Serum podoplanin levels were measured using ELISA in patients with remission UC (n=115), active UC (n=94), and healthy controls (n=150). Active UC patients were further categorized into mild (n=37), moderate (n=31), and severe (n=26) subgroups. Initially, we compared serum podoplanin levels in healthy controls, UC in remission, and active UC patients. The levels were significantly higher in remission UC patients than in healthy controls and were further elevated in active UC patients (p < 0.001) (Figure 3A). Among active UC patients, podoplanin levels were significantly higher in the moderate group than in the mild group and were highest in the severe group (p < 0.001) (Figure 3B). ROC curve analysis demonstrated that serum podoplanin had excellent diagnostic performance in distinguishing active UC from remission and healthy controls, with an optimal cut-off value of 5.34 ng/mL (AUC = 0.926, 95% CI: 0.891–0.960, sensitivity = 80.9%, specificity = 88.7%) (Figure 3C). Among the evaluated biomarkers, podoplanin showed the highest AUC, outperforming conventional inflammatory markers such as ESR, CRP, fibrinogen, D-dimer, IL‑1β, and IL‑6 (Figure 3C). These findings indicate that serum podoplanin may serve as a reliable and sensitive biomarker for assessing disease activity in patients with UC.

Figure 3 Comparison of serum podoplanin levels between healthy controls and patients with ulcerative colitis. (A) Serum podoplanin levels were compared between control subjects (n=150), remission UC patients (n=115), and active UC patients (n=94). Serum podoplanin concentration was measured using ELISA. (B) Serum podoplanin levels were compared in patients with UC in the mild (n = 37), moderate (n = 31), and severe (n = 26) groups. (C) The ROC curve was used to evaluate the diagnostic performance of serum podoplanin and to determine the optimal cutoff value for distinguishing active UC from remission and healthy controls. The optimal critical point was 5.34 ng/mL. The area under the curve was 0.926. ANOVA was used to compare the differences between the three groups. *** p<0.001.

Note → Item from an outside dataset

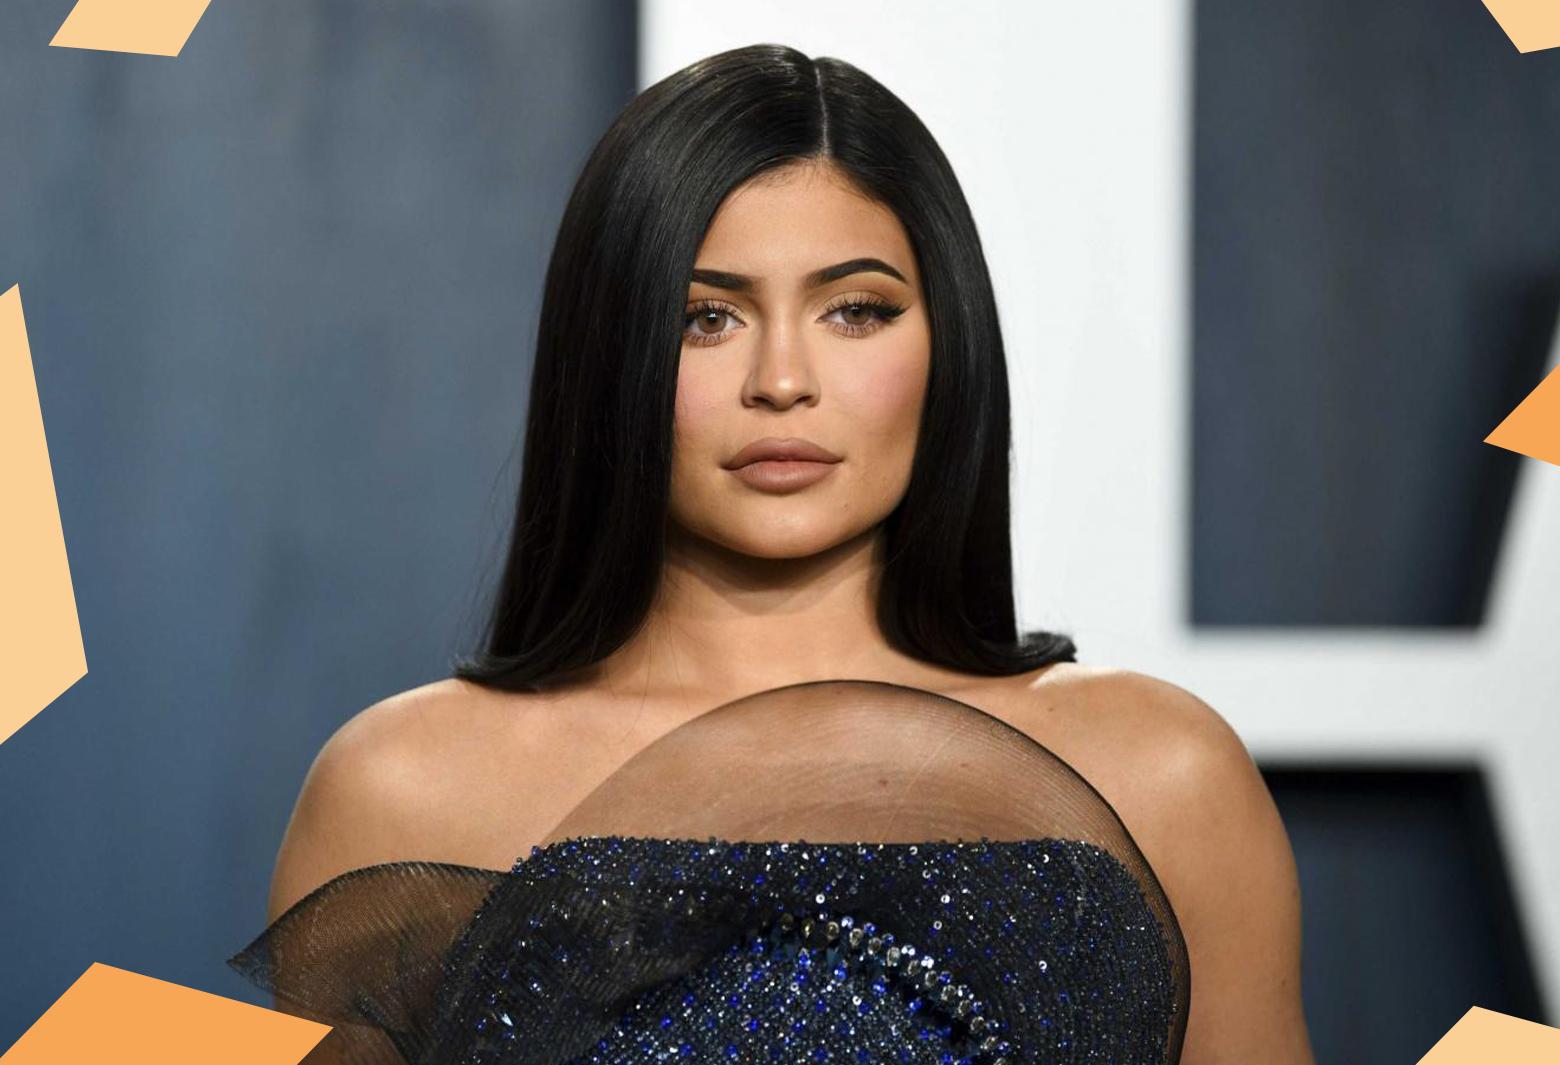 Kylie Jenner.png (993 KB)

Abbreviation: UC, ulcerative colitis.

Correlation Between Serum Podoplanin Levels and Coagulation-Related Indicators in Patients with UC

Pearson’s correlation analysis was used to investigate the relationship between serum podoplanin levels and coagulation-related indicators in patients with UC. We observed that serum podoplanin level is positively correlated with platelet count (r=0.247, p<0.001), ESR (r=0.695, p<0.001), D-Dimer (r=0.765, p<0.001), and fibrinogen (r=0.490, p<0.001) (Figure 4A–D).

Figure 4 Correlation between serum podoplanin levels and coagulation-related indicators in patients with UC. Serum podoplanin levels were positively correlated with (A) platelet count, (B) ESR, (C) D-dimer, and (D) fibrinogen. Pearson’s correlation analysis was performed.

Abbreviation: ESR, erythrocyte sedimentation rate.

Correlation Between Serum Podoplanin Levels and Inflammatory Indicators of UC Patients

Pearson’s correlation analysis was also used to investigate the relationship between serum podoplanin levels and inflammatory indicators in patients with UC. We observed that serum podoplanin level is positively correlated with CRP (r=0.767, p<0.001), IL-1β (r=0.744, p<0.001), IL-6 (r=0.786, p<0.001), IL-17A (r=0.788, p<0.001), TNF-α (r=0.784, p<0.001), and Mayo score (r=0.912, p<0.001) (Figure 5A–F).

Figure 5 Correlation between serum podoplanin levels and inflammatory indicators in patients with ulcerative colitis. Serum podoplanin levels were positively correlated with (A) CRP, (B) IL-1β, (C) IL-6, (D) IL-17A, (E) TNF-α, and (F) Mayo score.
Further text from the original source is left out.